> Your goal: Copy exactly the lines from the one containing "786,482,8100" through the last line of the records, both included, and nothing more.
*** Dataset extract ***
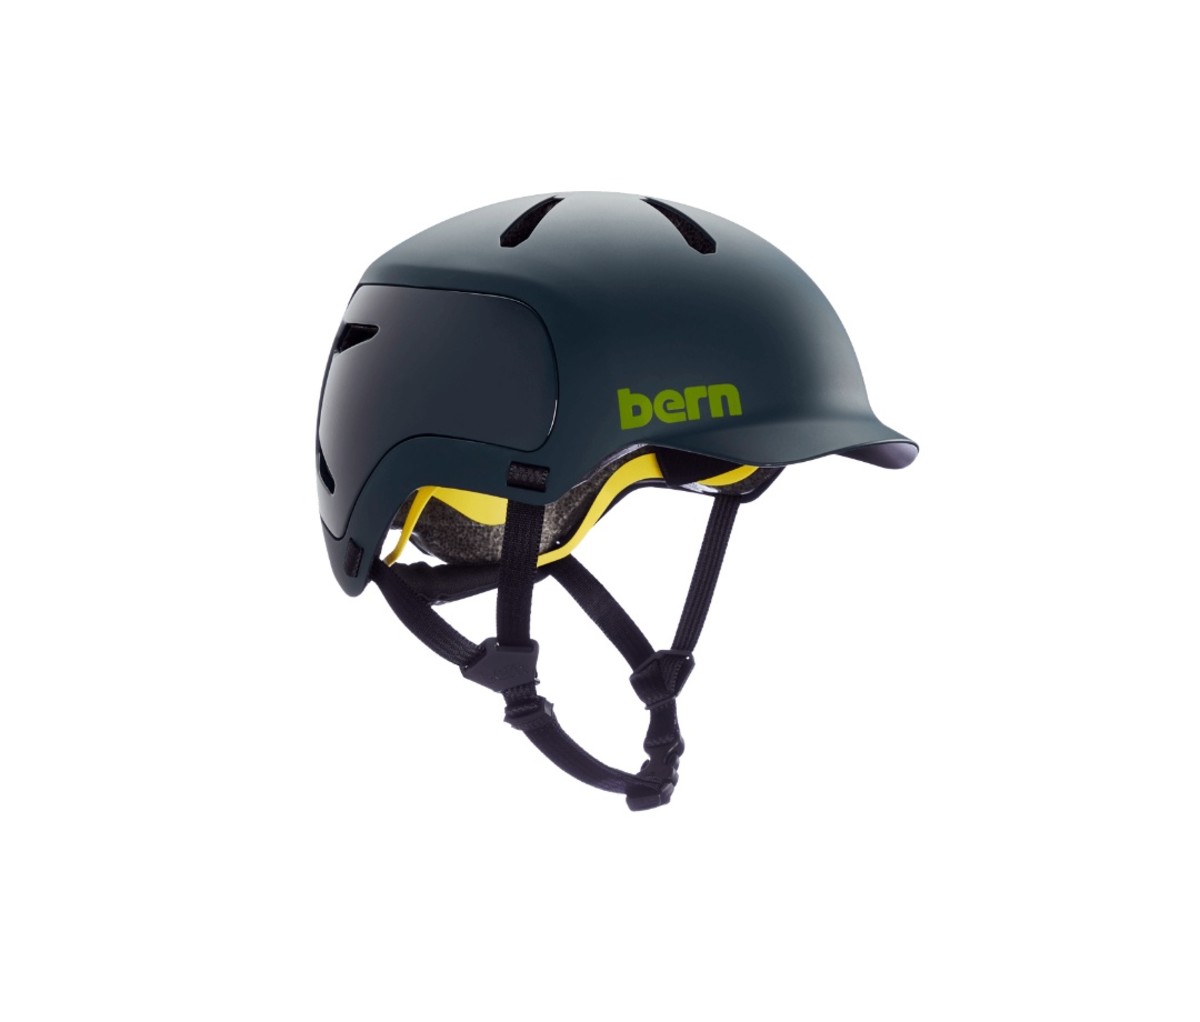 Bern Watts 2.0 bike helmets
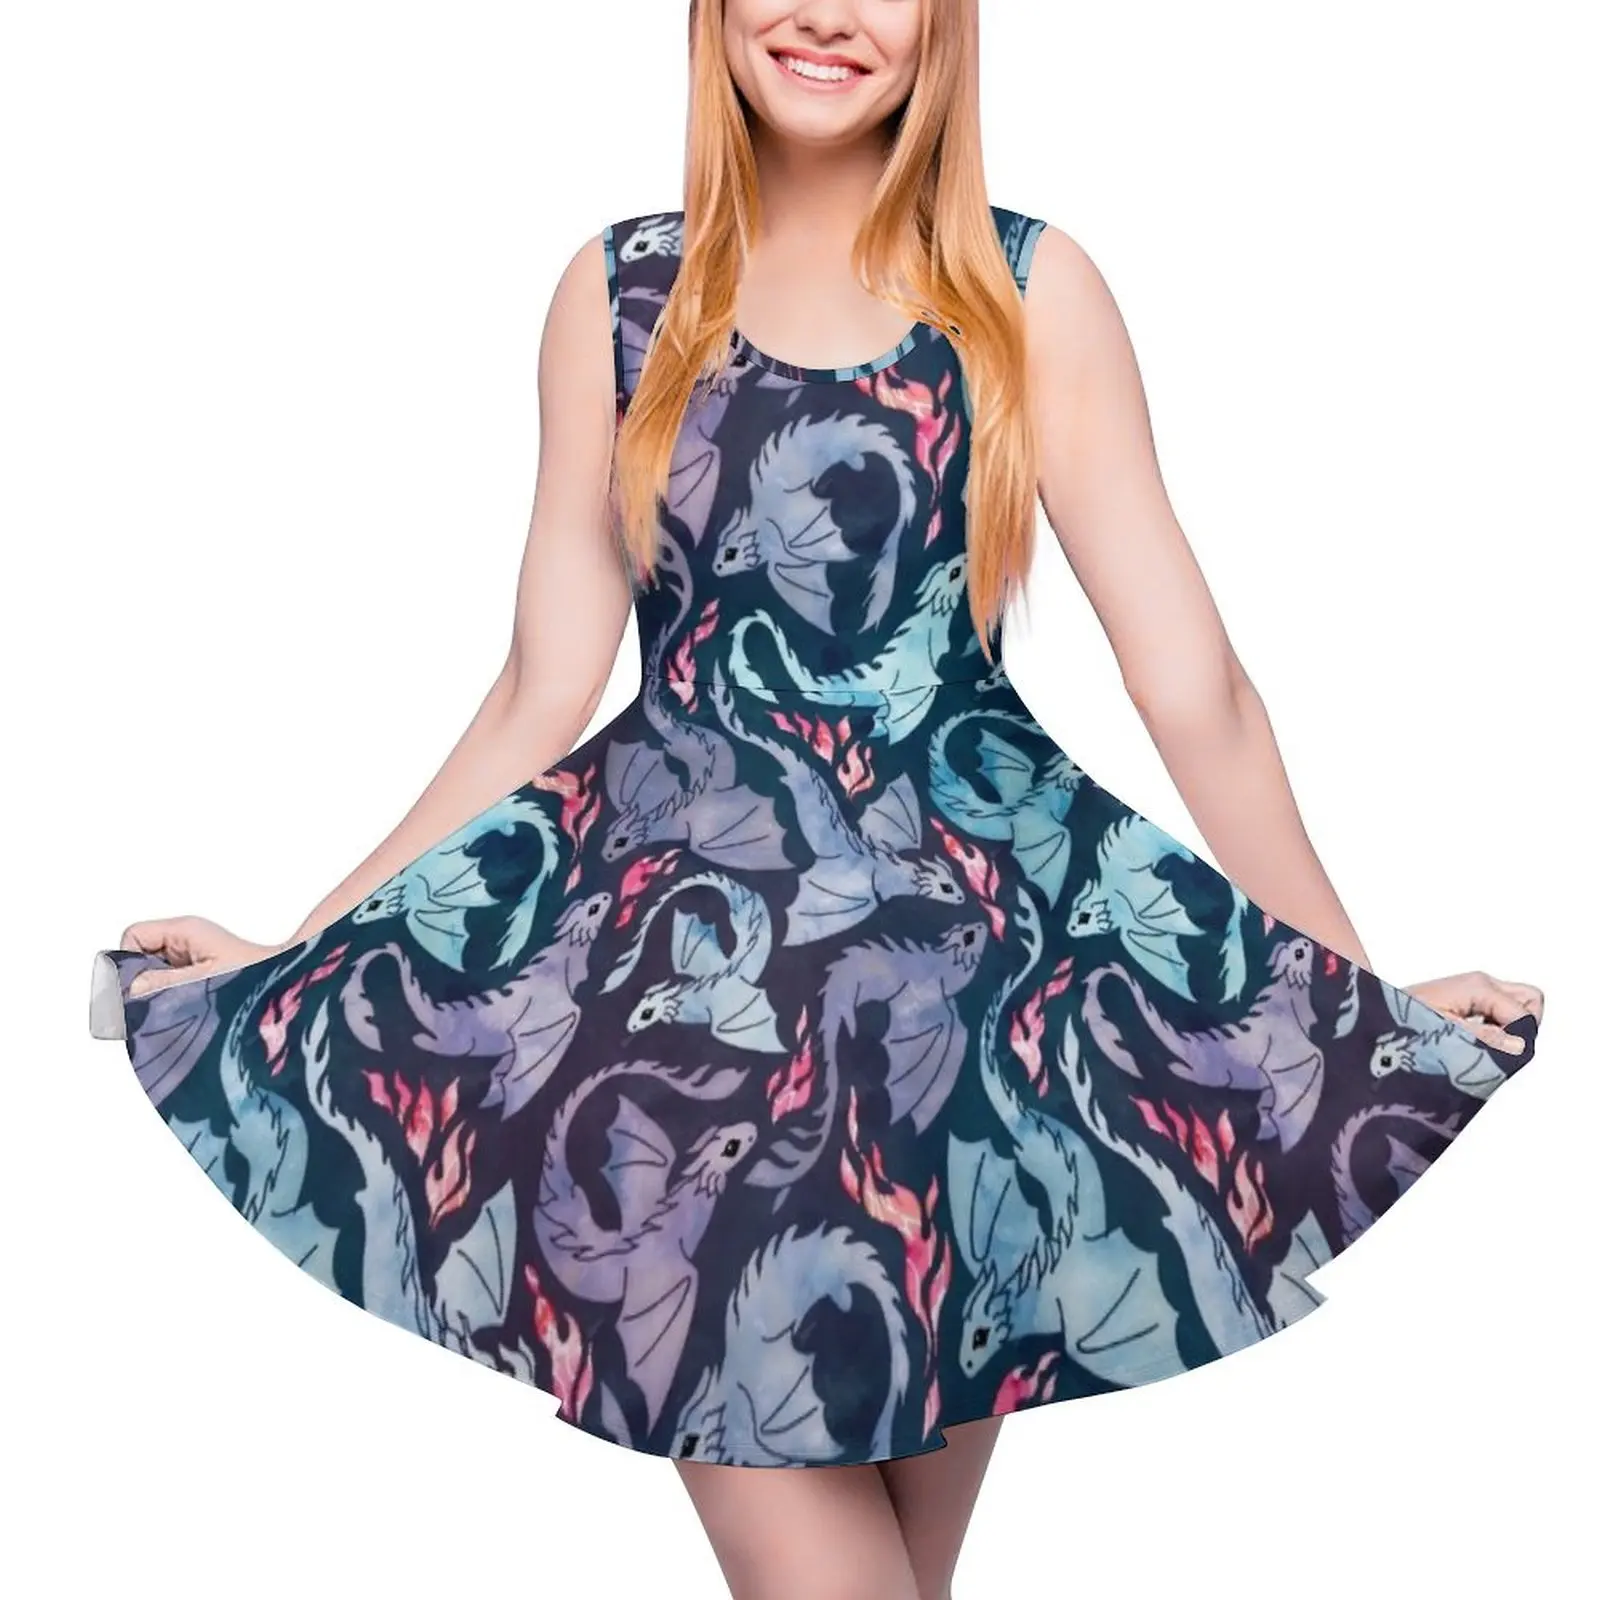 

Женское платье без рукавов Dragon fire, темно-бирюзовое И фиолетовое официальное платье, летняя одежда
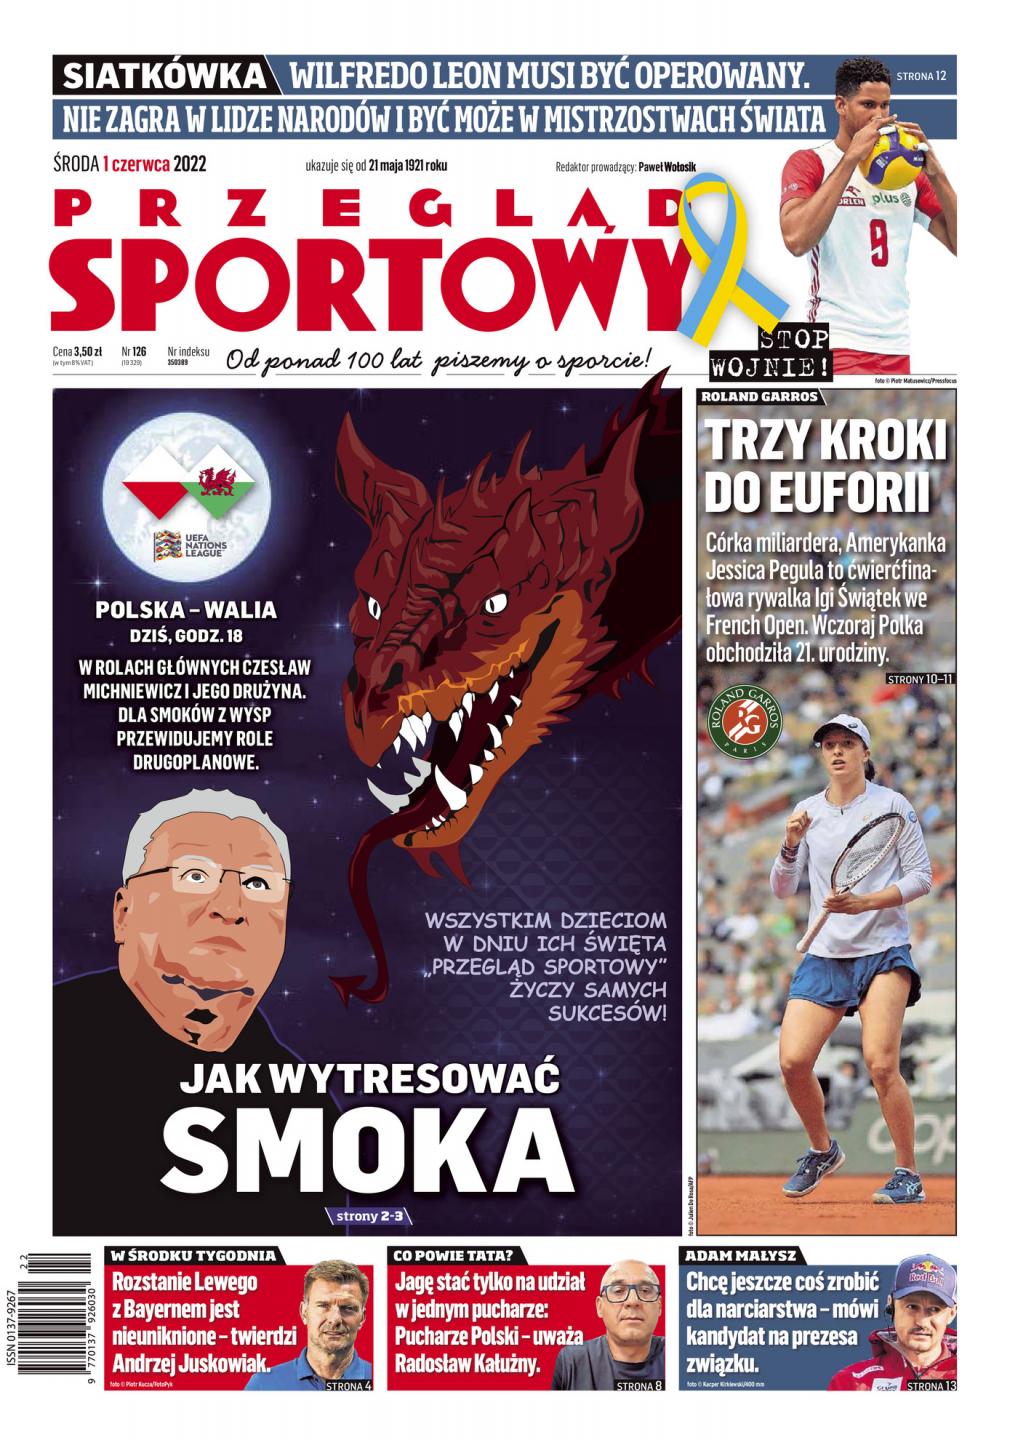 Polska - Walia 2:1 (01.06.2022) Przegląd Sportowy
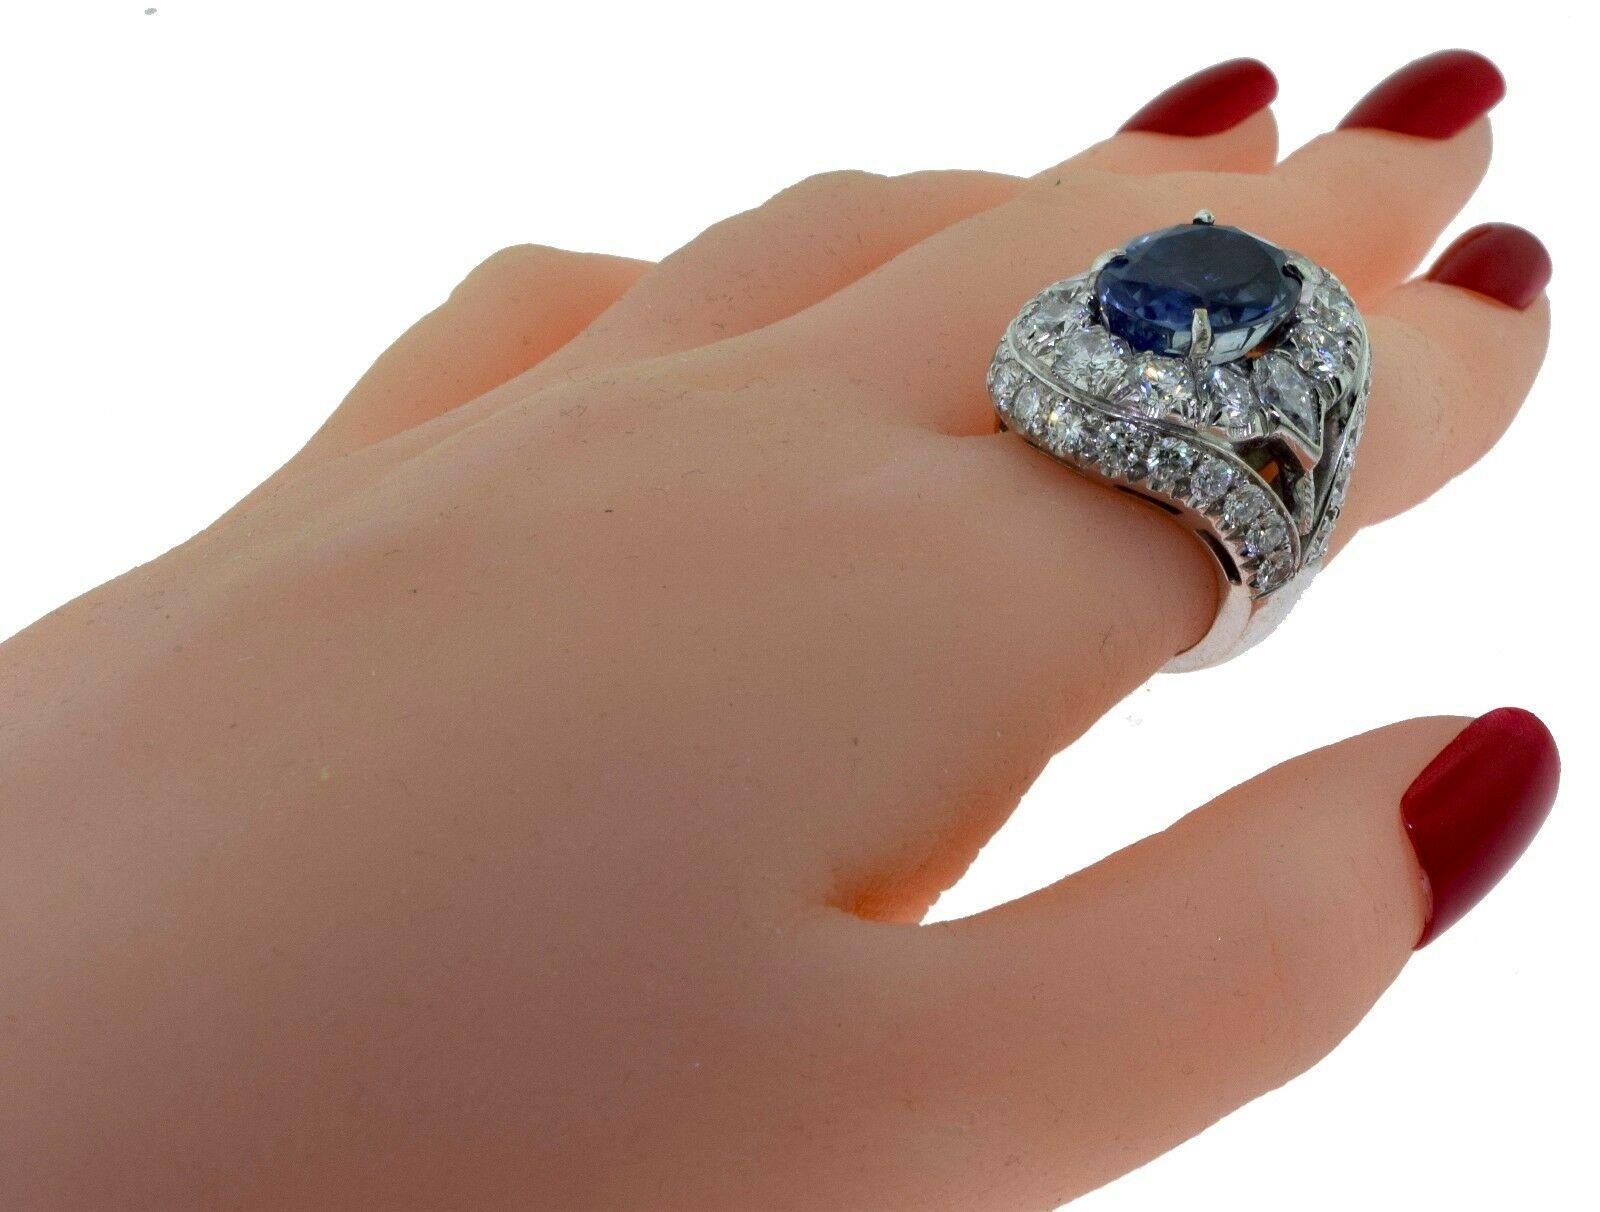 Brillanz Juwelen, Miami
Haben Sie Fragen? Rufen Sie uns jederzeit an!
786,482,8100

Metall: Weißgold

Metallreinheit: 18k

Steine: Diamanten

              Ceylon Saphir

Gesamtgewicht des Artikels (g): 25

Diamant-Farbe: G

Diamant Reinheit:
***
> Reply to the exercise:
786,482,8100

Metall: Weißgold

Metallreinheit: 18k

Steine: Diamanten

              Ceylon Saphir

Gesamtgewicht des Artikels (g): 25

Diamant-Farbe: G

Diamant Reinheit:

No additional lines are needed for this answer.